This article was published in Scientific American’s former blog network and reflects the views of the author, not necessarily those of Scientific American


Over the last few months, I and two of my colleagues have been involved in an interesting dialogue in the literature. It concerns the entity dubbed ‘Cadborosaurus’ – a marine, horse-headed ‘mega-serpent’, supposedly reported by witnesses from the waters off British Columbia and elsewhere in the North Pacific. People who read my stuff (both here and in print) will know that I have more than a passing interest in cryptozoology, and especially in ‘sea monsters’; indeed, I’ve written about ‘Cadborosaurus’ quite a few times. As I always say, this interest in cryptozoology might be a dumb thing to admit, given the negative stigma attached to the field. And I’m sure that it’s based in part on adherence to the naïve and childish hope that sea monsters, relicts hominoids and such might actually be real.

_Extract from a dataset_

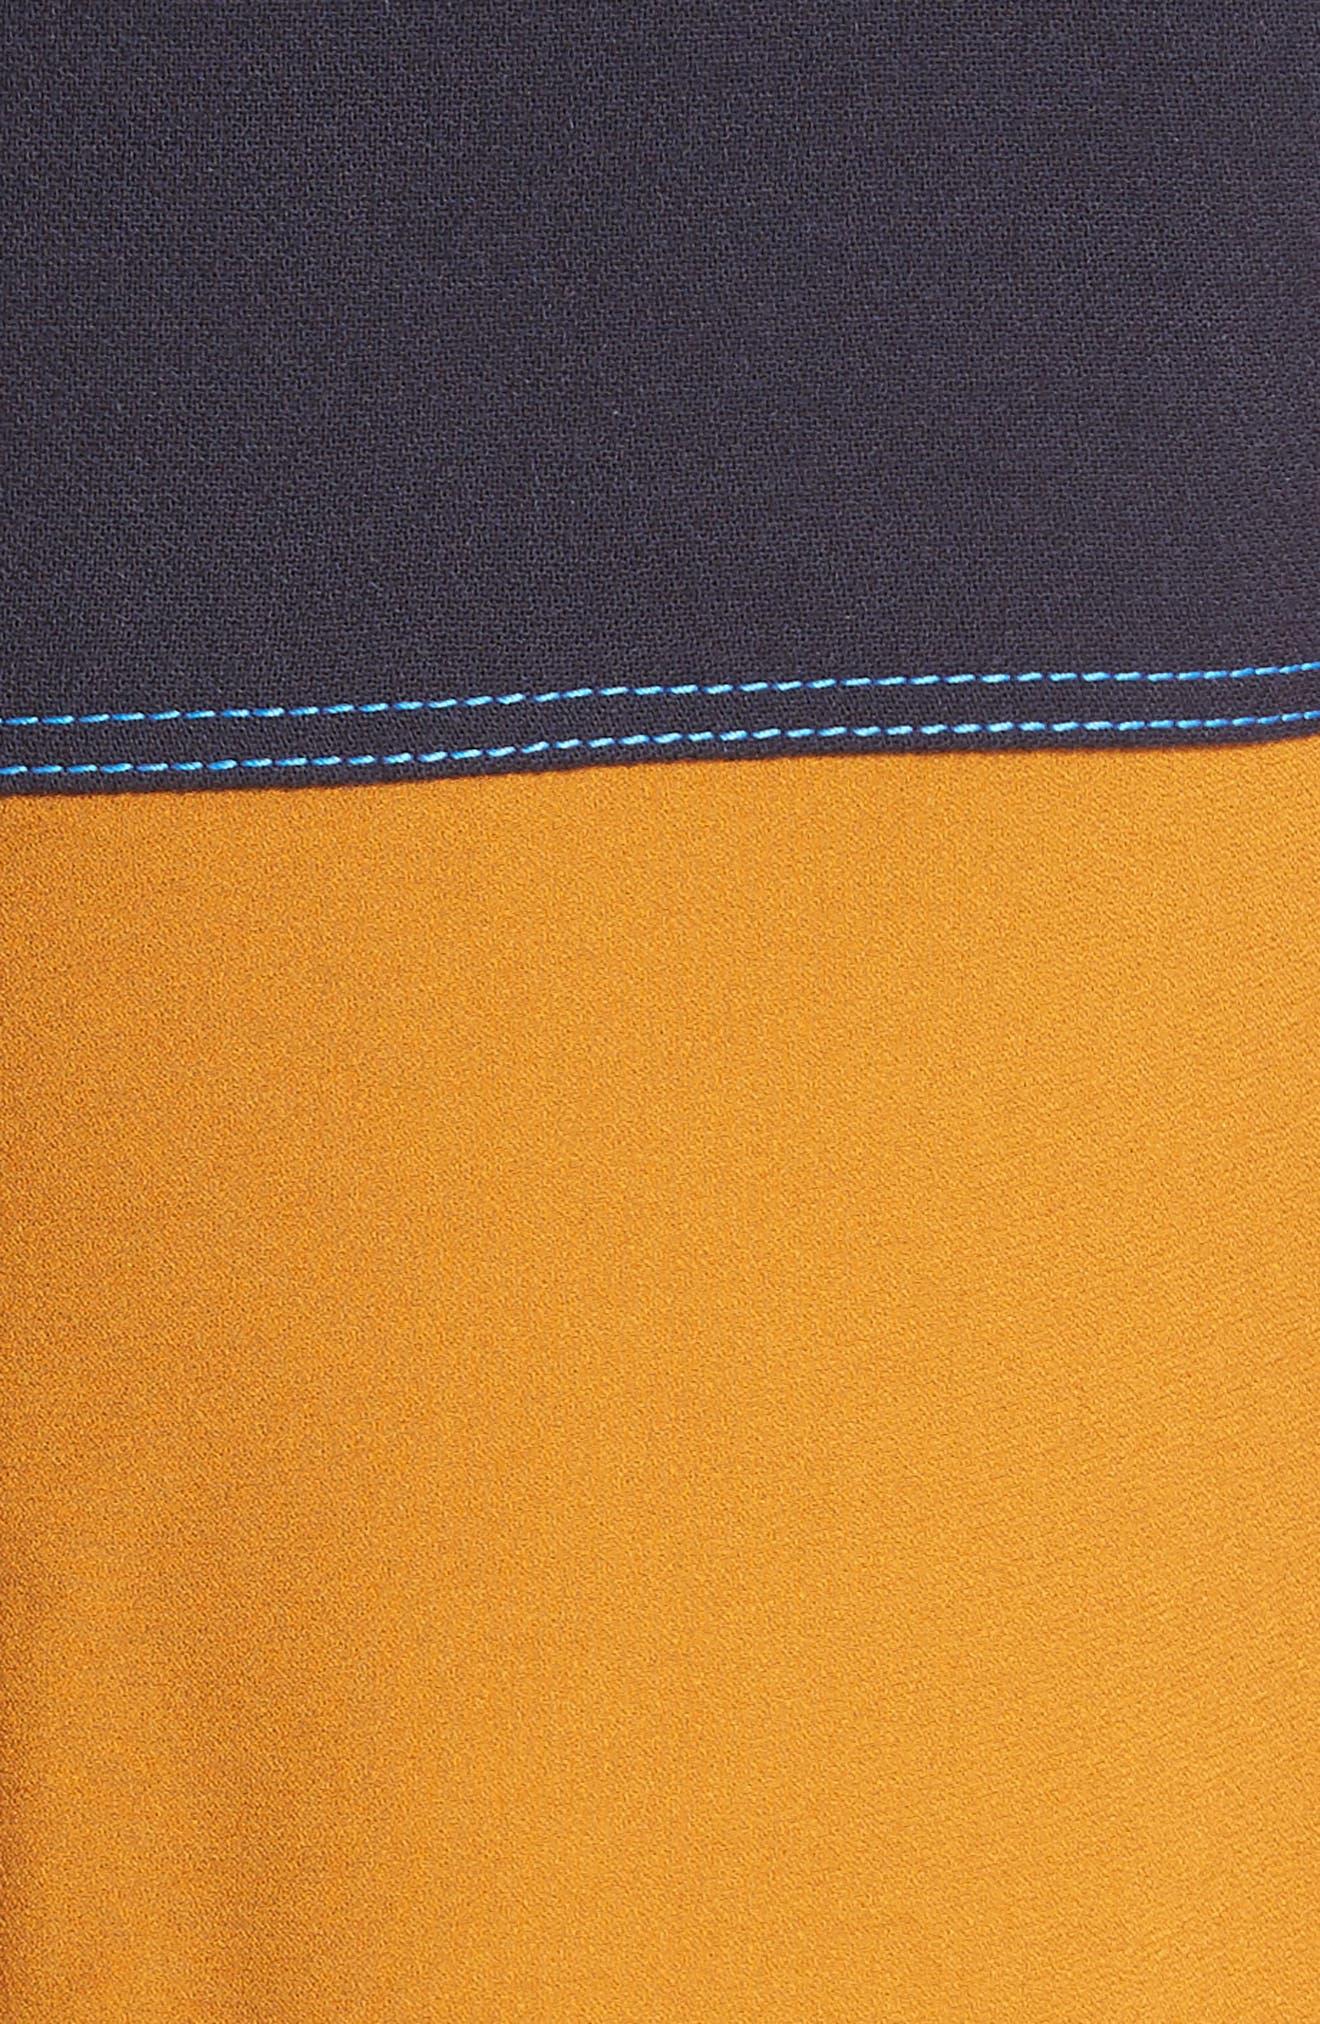 Colorblock Double Face Crepe Dress,                             Alternate thumbnail 6, color,                             Black/ Blue
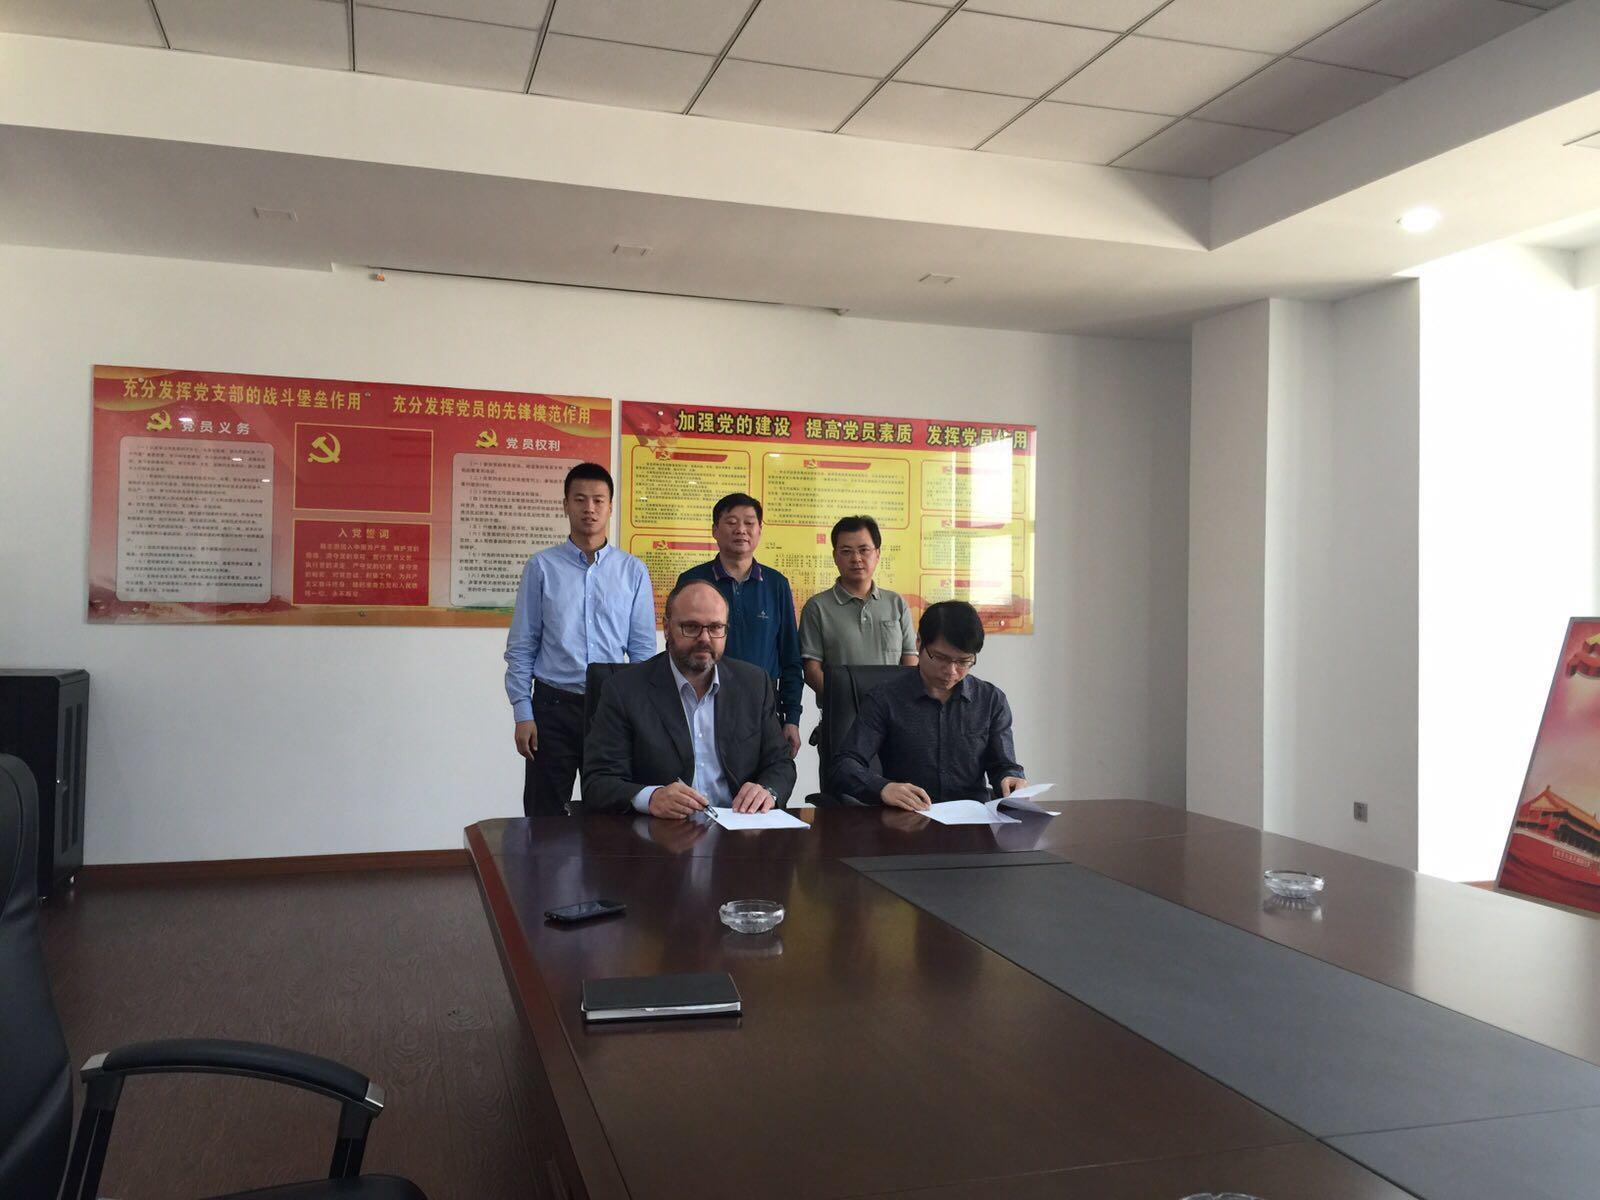 Ondertekening-MOU-met-Chinese-partner-Ruier-Wuxi

Nevertheless, I remain interested in cryptozoology both because I think that some eyewitness accounts are really intriguing and difficult to explain, and because I’m interested in how people perform as observers of wildlife (see Paxton 2009). Unlike many who class themselves as sceptics, I’ve tried to understand where cryptozoologists are coming from, I’ve read and (do still read) the cryptozoological literature, and I don’t think that we should necessarily reject cryptozoological hypotheses as untenable without looking at the data (such as it is) first.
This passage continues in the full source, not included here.